STORED DATA below:

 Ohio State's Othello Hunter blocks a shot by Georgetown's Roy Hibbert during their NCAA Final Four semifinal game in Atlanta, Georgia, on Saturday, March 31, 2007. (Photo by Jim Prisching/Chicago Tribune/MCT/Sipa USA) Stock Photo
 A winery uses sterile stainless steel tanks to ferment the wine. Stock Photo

End of STORED DATA.
STORED DATA below:

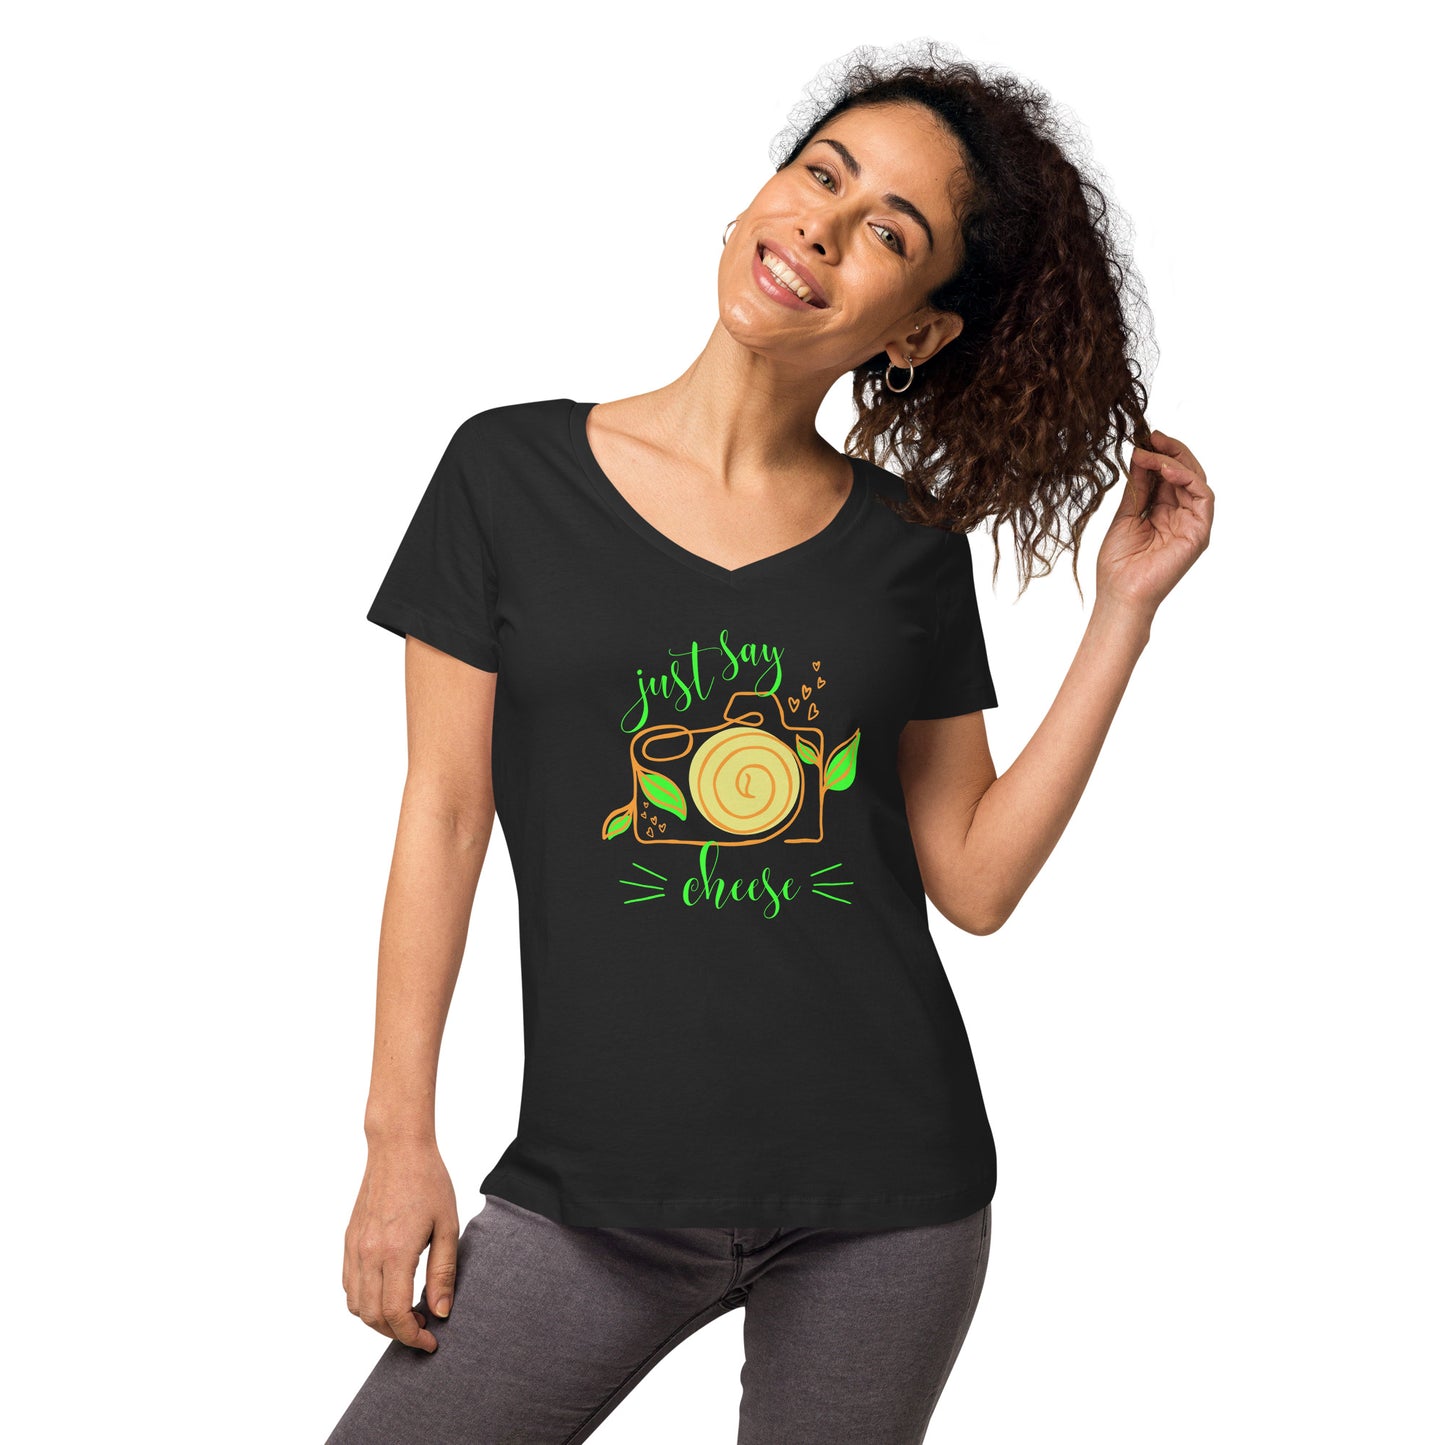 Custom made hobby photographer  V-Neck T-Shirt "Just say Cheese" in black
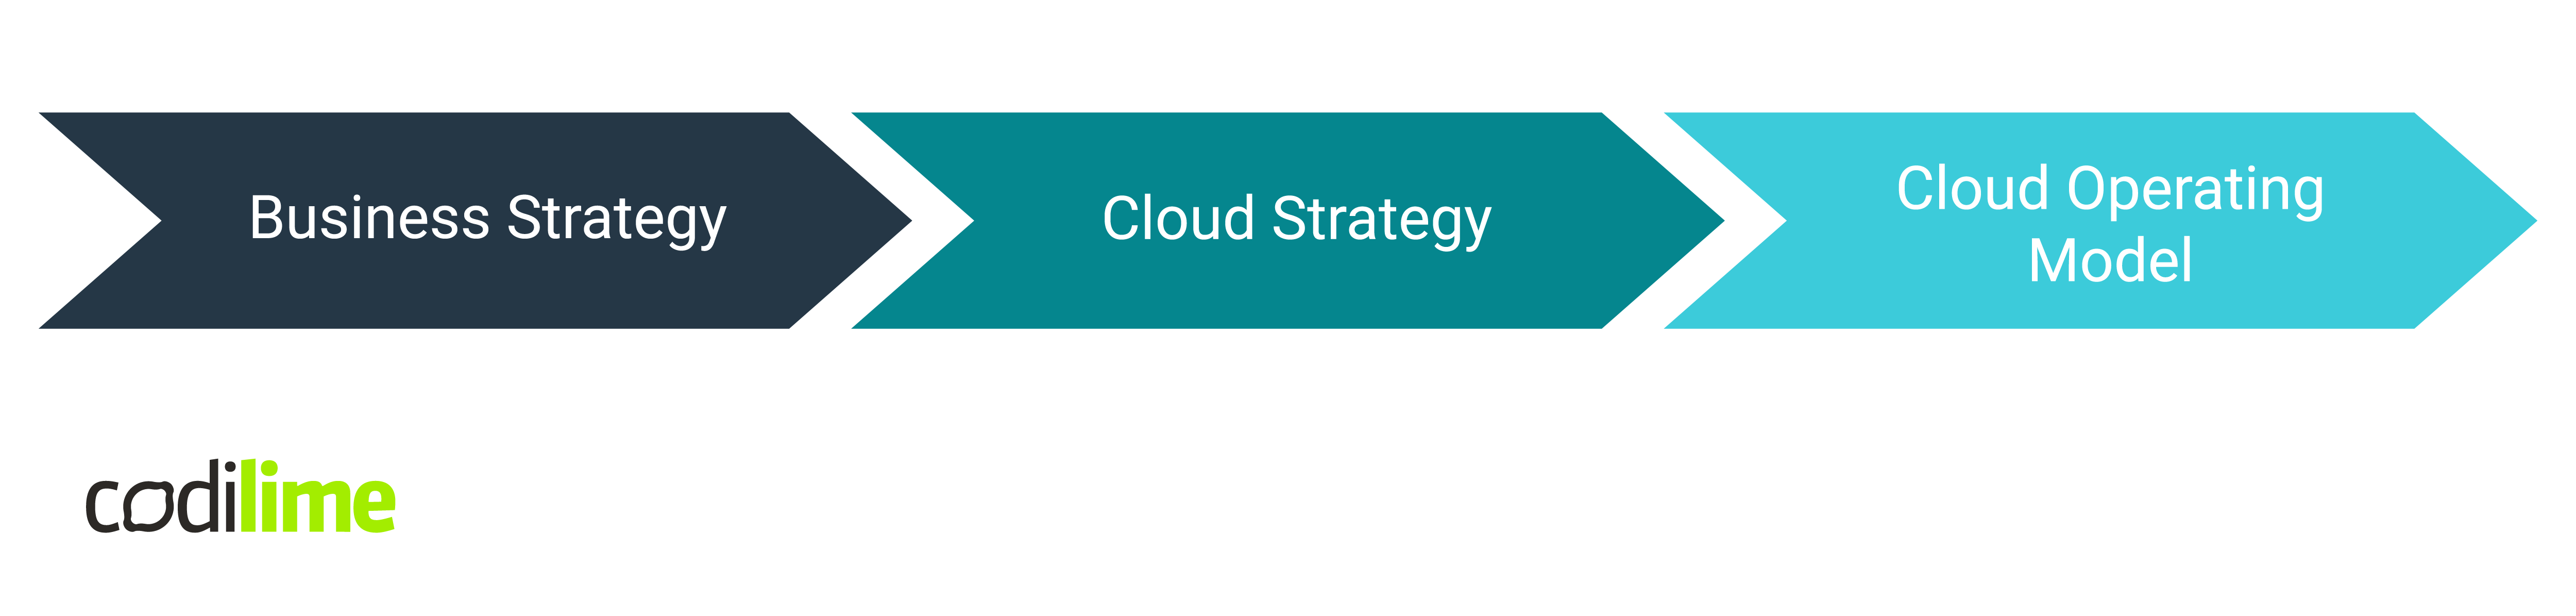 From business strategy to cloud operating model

End of STORED DATA.
STORED DATA below:

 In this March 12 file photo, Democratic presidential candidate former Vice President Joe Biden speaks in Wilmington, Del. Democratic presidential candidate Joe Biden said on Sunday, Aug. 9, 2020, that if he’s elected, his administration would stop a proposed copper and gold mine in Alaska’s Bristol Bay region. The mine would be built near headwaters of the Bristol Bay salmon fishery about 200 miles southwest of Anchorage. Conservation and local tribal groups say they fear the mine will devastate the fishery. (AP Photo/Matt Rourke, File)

End of STORED DATA.

For this exercise, output exactly the lines above from the line with "Ohio State's Othello" to the line with "A winery uses", counting both, and leave out the rest.

 Ohio State's Othello Hunter blocks a shot by Georgetown's Roy Hibbert during their NCAA Final Four semifinal game in Atlanta, Georgia, on Saturday, March 31, 2007. (Photo by Jim Prisching/Chicago Tribune/MCT/Sipa USA) Stock Photo
 A winery uses sterile stainless steel tanks to ferment the wine. Stock Photo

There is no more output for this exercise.